Segundo o Corpo de Guardiões da Revolução Islâmica (IRGC) do Irã, quatro mísseis balísticos foram lançados contra a embarcação neste domingo e teriam atingido o porta-aviões.
Responsável por operações militares na Ásia Central e no Oriente Médio, o Comando Central dos Estados Unidos (Centcom) publicou imagens de caças decolando do navio em suas redes sociais e afirmou que os mísseis “não chegaram nem perto”.
“O Lincoln continua lançando aeronaves em apoio à campanha incansável do Centcom para defender o povo americano, eliminando ameaças do regime iraniano”, diz texto divulgado nas redes sociais.

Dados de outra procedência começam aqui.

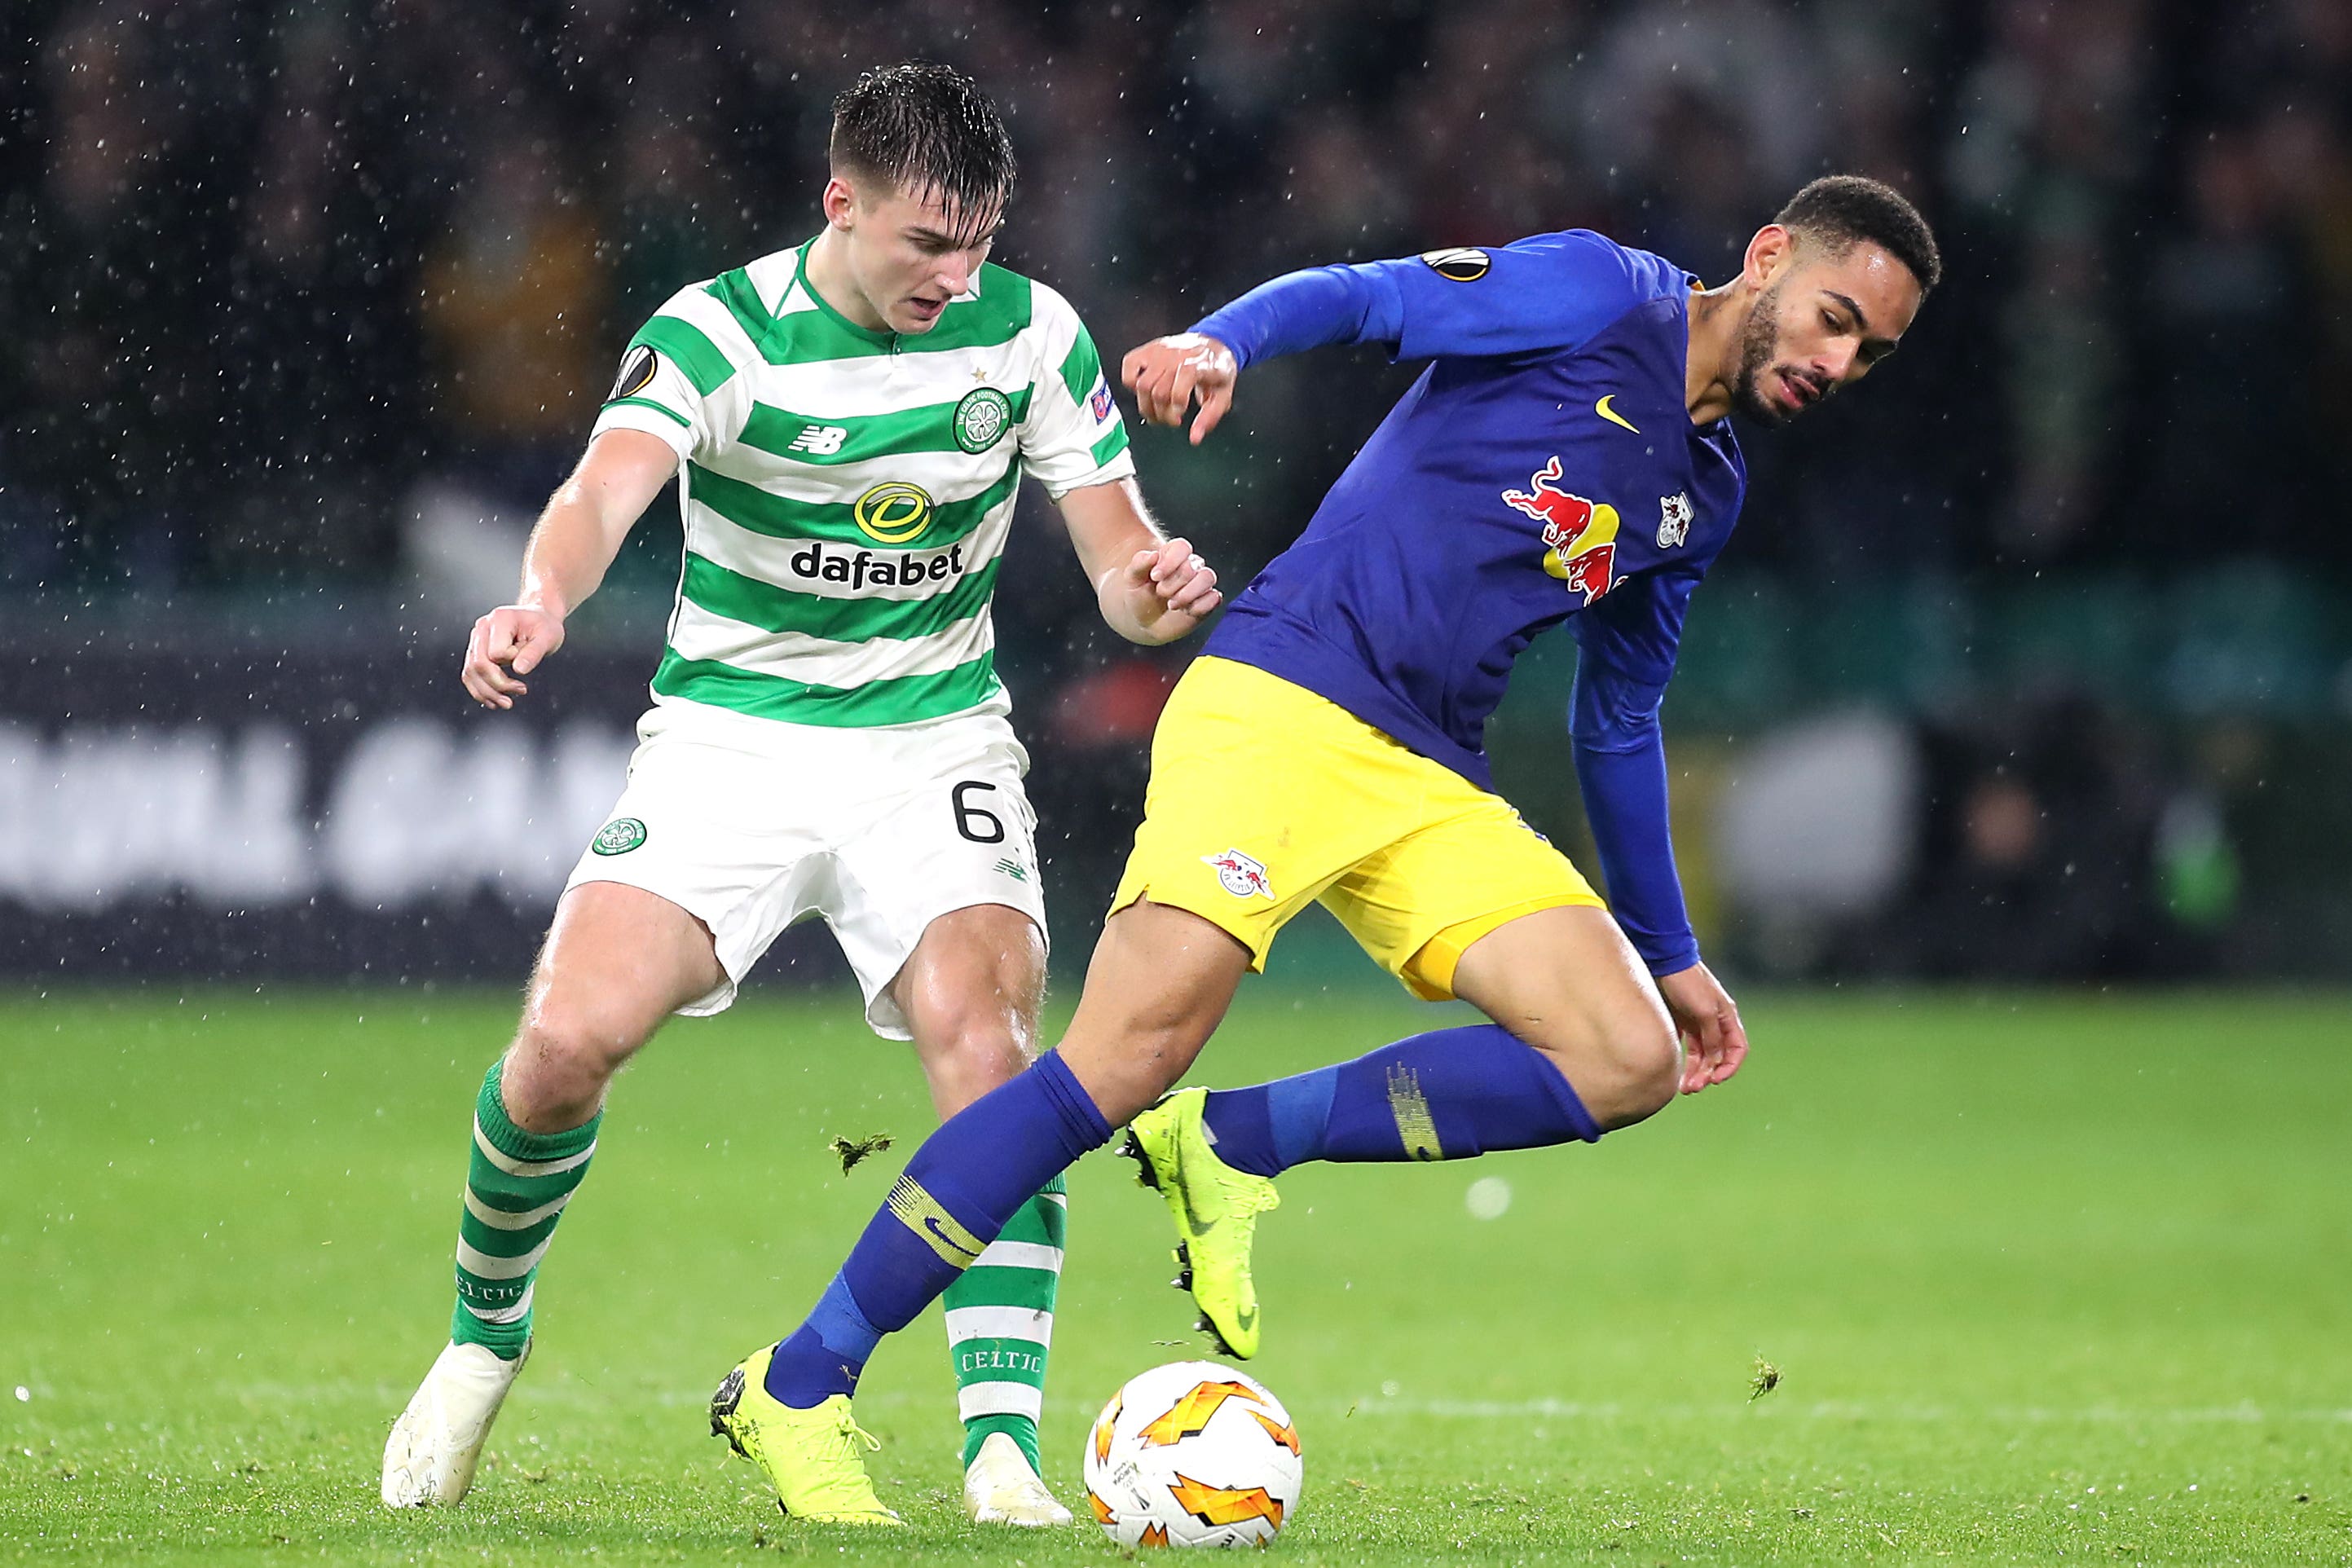 Celtic’s Kieran Tierney (left) and RB Leipzig’ Matheus Cunha battle for the ball during the UEFA Europa League, Group B match at Celtic Park, Glasgow.

O Centcom também informou que três militares do país morreram e cinco tiveram ferimentos graves durante os ataques ao Irã. “Vários outros” se feriram sem gravidade e devem retornar ao conflito.
Guerra
Estados Unidos e Israel bombardearam diversos alvos em território iraniano, causando centenas de mortes, incluindo autoridades do país. Entre os mortos está o líder supremo do país, aiatolá Ali Khamenei.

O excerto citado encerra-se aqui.